Any picture in the data below gets skipped; print all the rest exactly.

» **Recorded information**:
━━━━━━━━
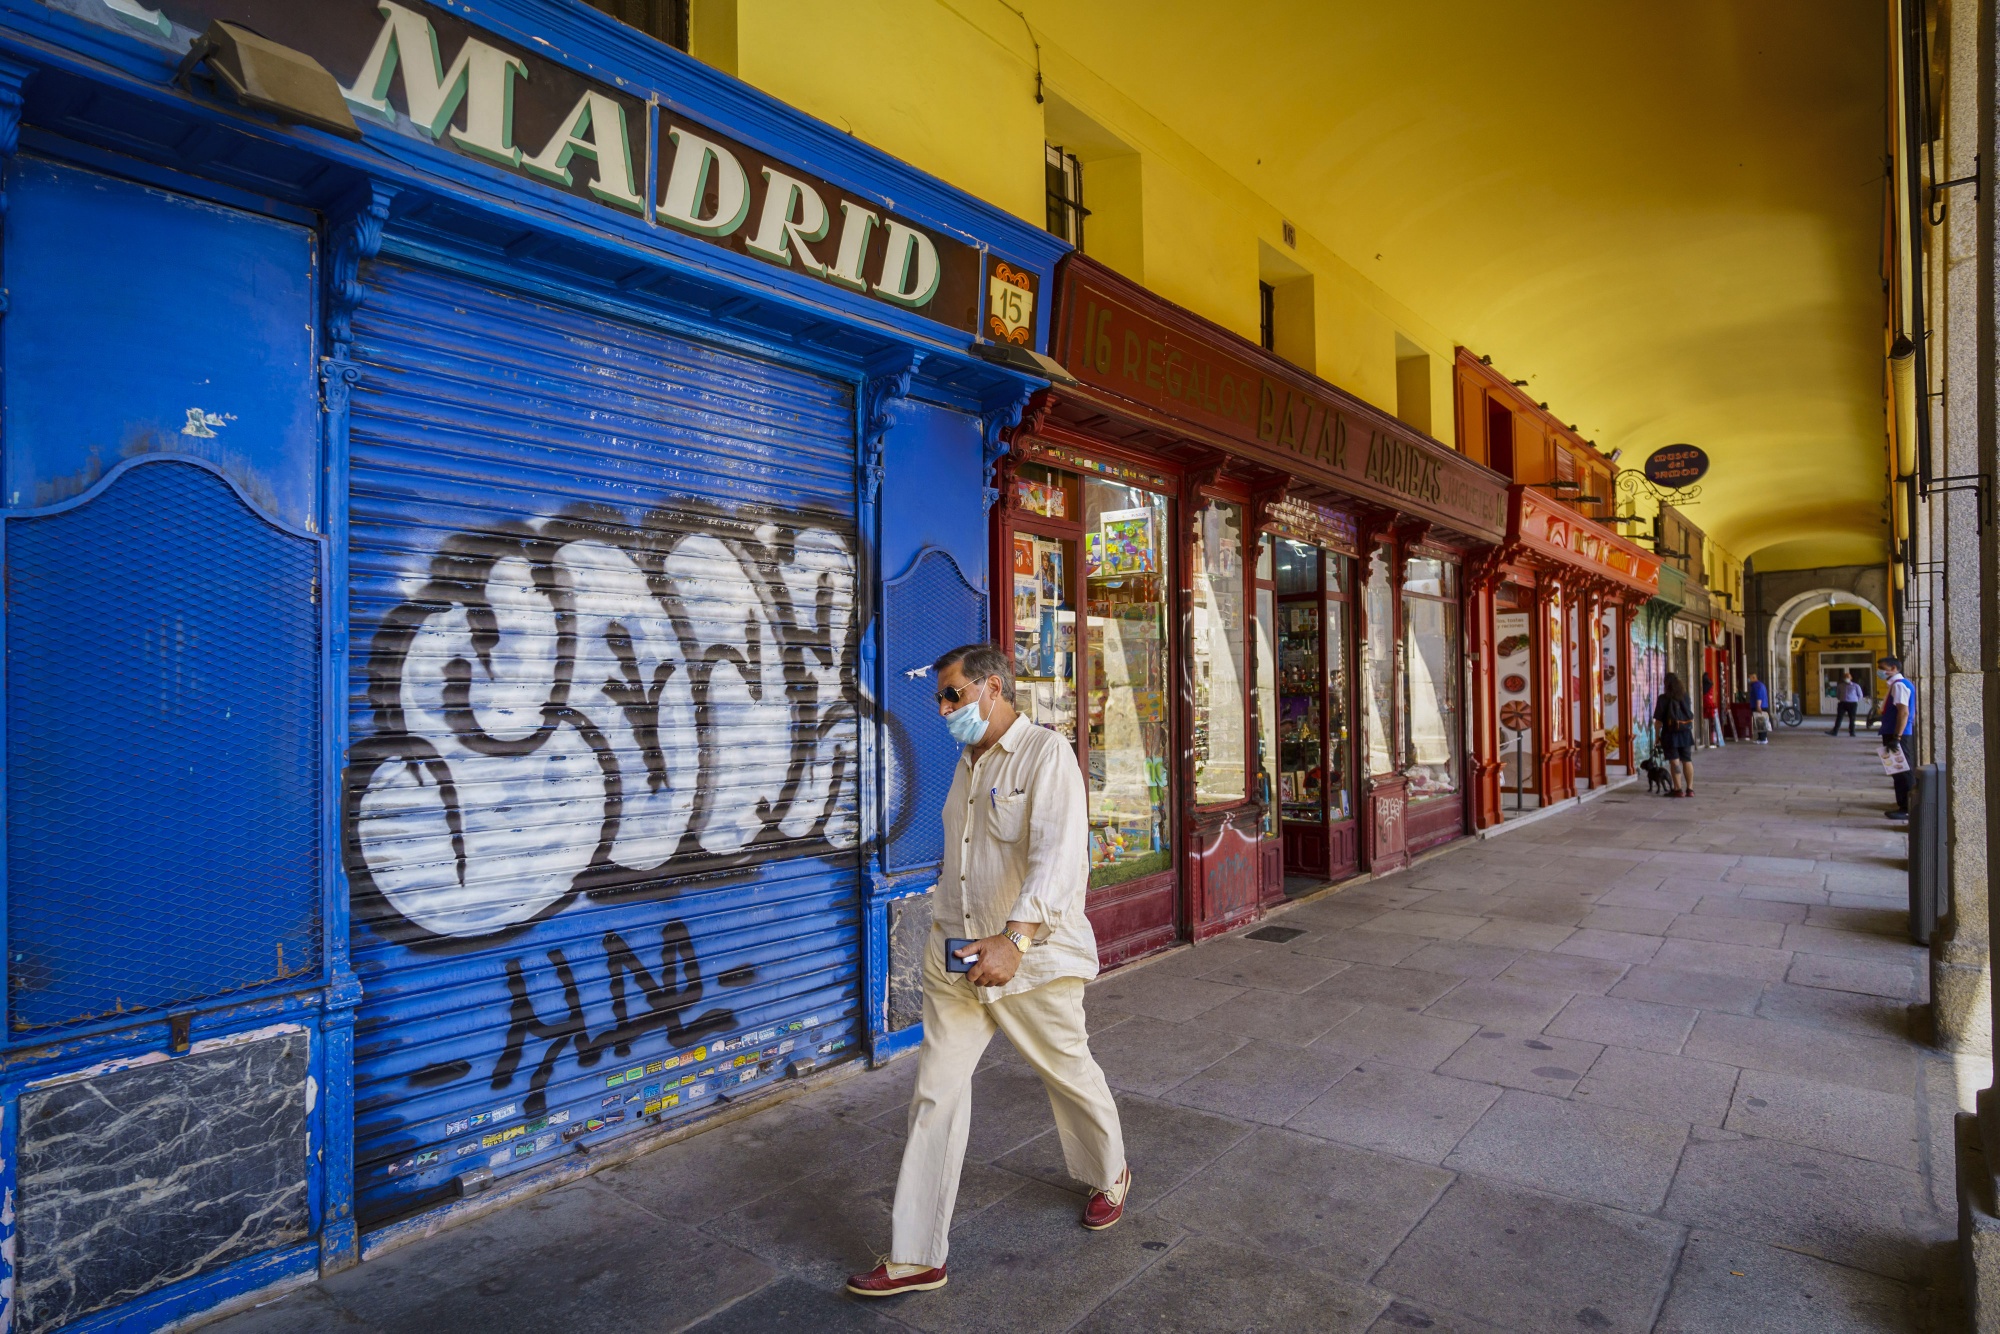 A pedestrian passes a shuttered business in Madrid, Spain.
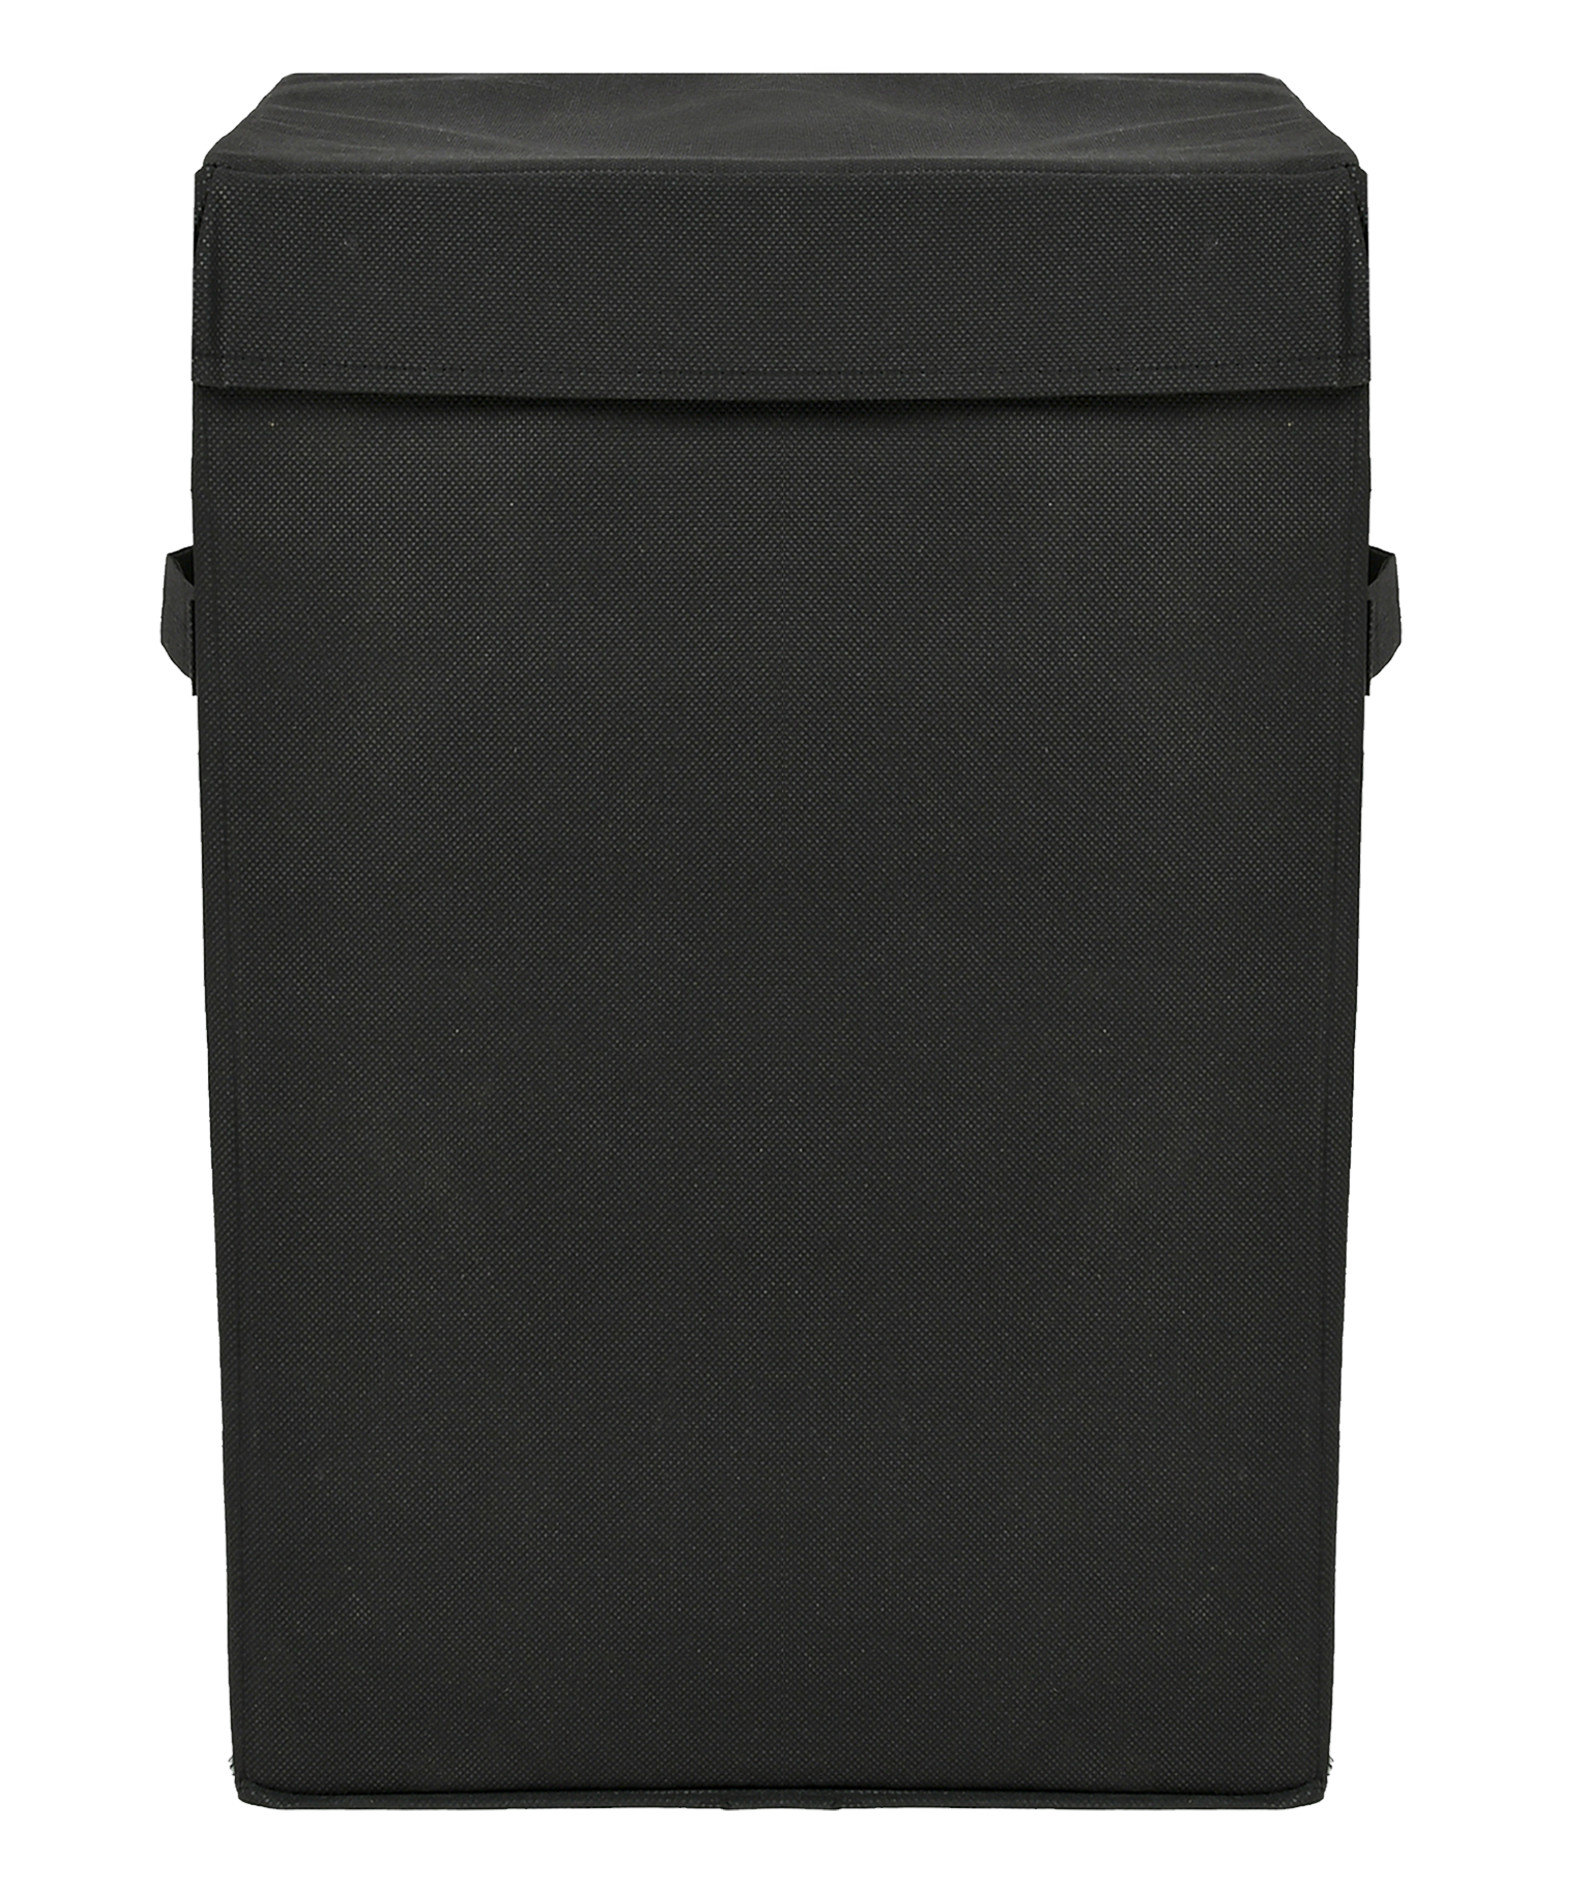 Kuber Industries Non-Woven Foldable Large Laundry basket/Hamper With Lid & Handles (Black)-44KM0189
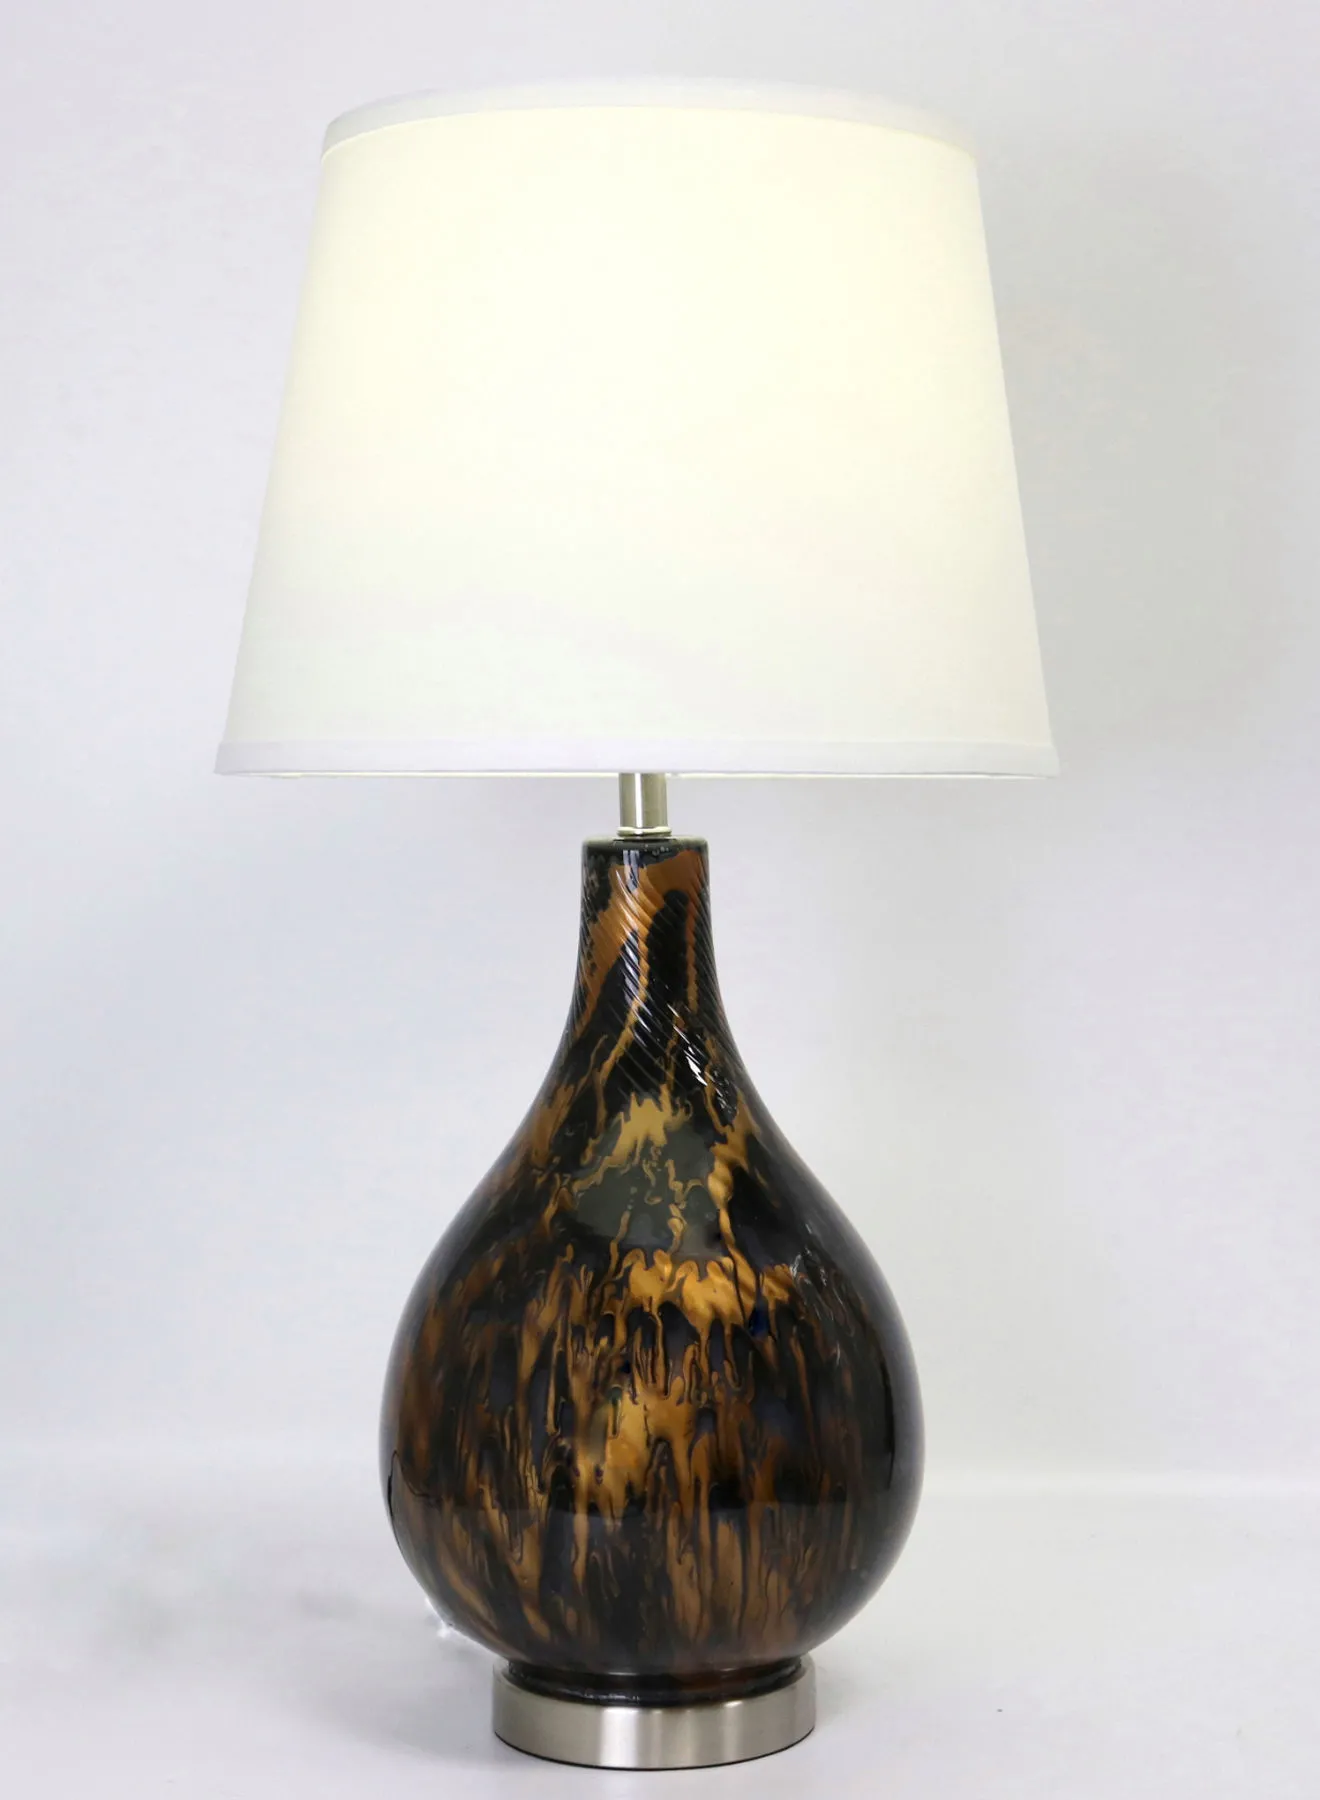 ebb & flow Modern Design Glass Table Lamp Unique Luxury Quality Material for the Perfect Stylish Home RSN71054-C Gold/Black 13 x 24.5
━━━━━━━━
» **Your response**:
 A pedestrian passes a shuttered business in Madrid, Spain.
 Kuber Industries Non-Woven Foldable Large Laundry basket/Hamper With Lid & Handles (Black)-44KM0189
 ebb & flow Modern Design Glass Table Lamp Unique Luxury Quality Material for the Perfect Stylish Home RSN71054-C Gold/Black 13 x 24.5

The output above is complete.